# About this exercise
Transcribe only the lines of the listing below from the one holding "A bowl full" through the one holding "Wireframe of a", inclusive, without any change.

# Given entries
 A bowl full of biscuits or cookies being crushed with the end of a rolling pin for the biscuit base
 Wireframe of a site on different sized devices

* * *

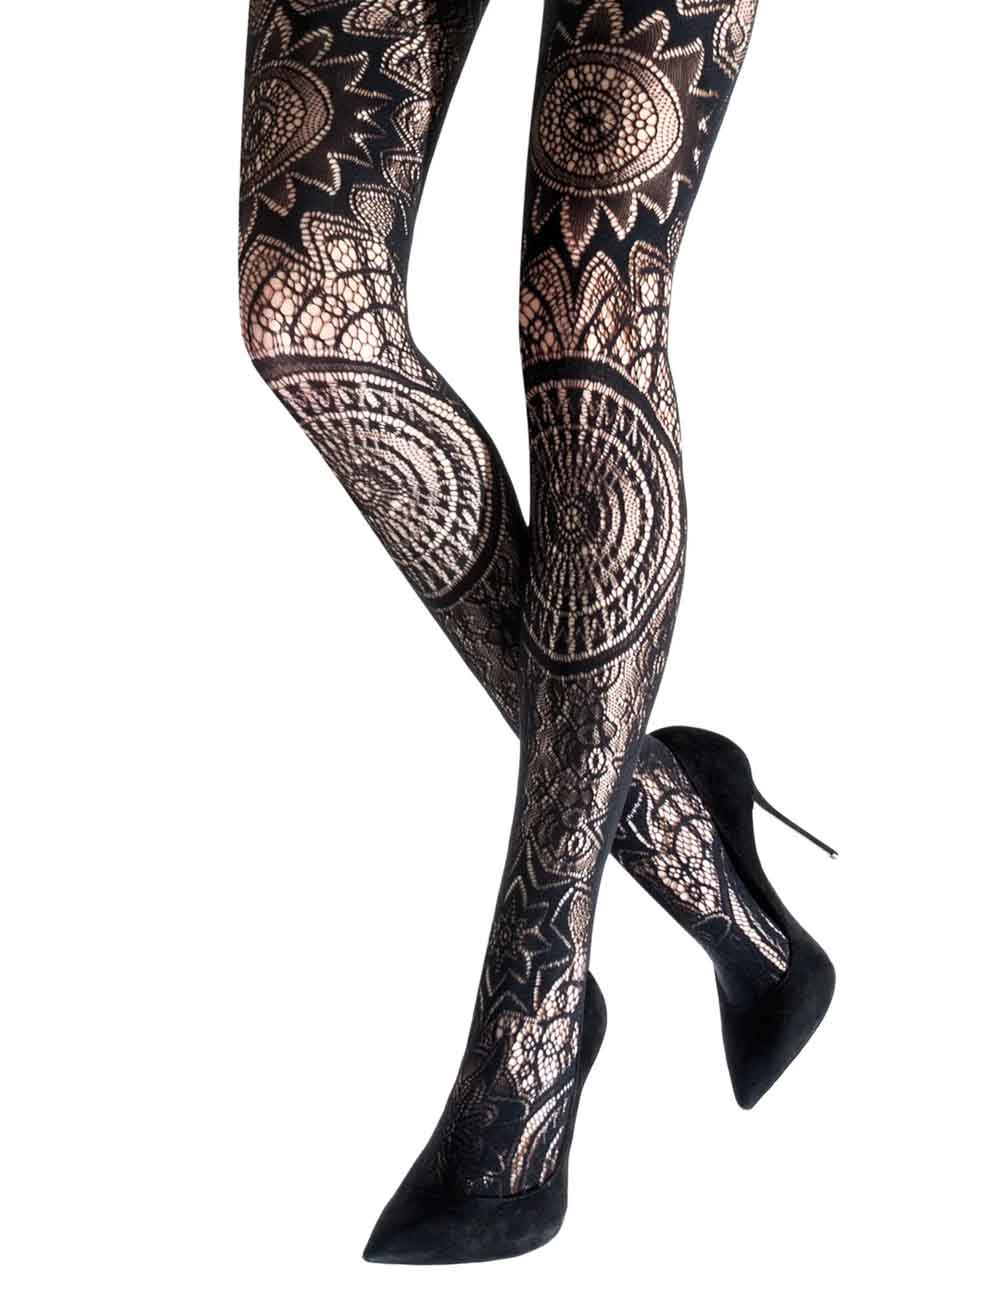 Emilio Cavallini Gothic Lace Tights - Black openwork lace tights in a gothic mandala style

# Task answer
 A bowl full of biscuits or cookies being crushed with the end of a rolling pin for the biscuit base
 Wireframe of a site on different sized devices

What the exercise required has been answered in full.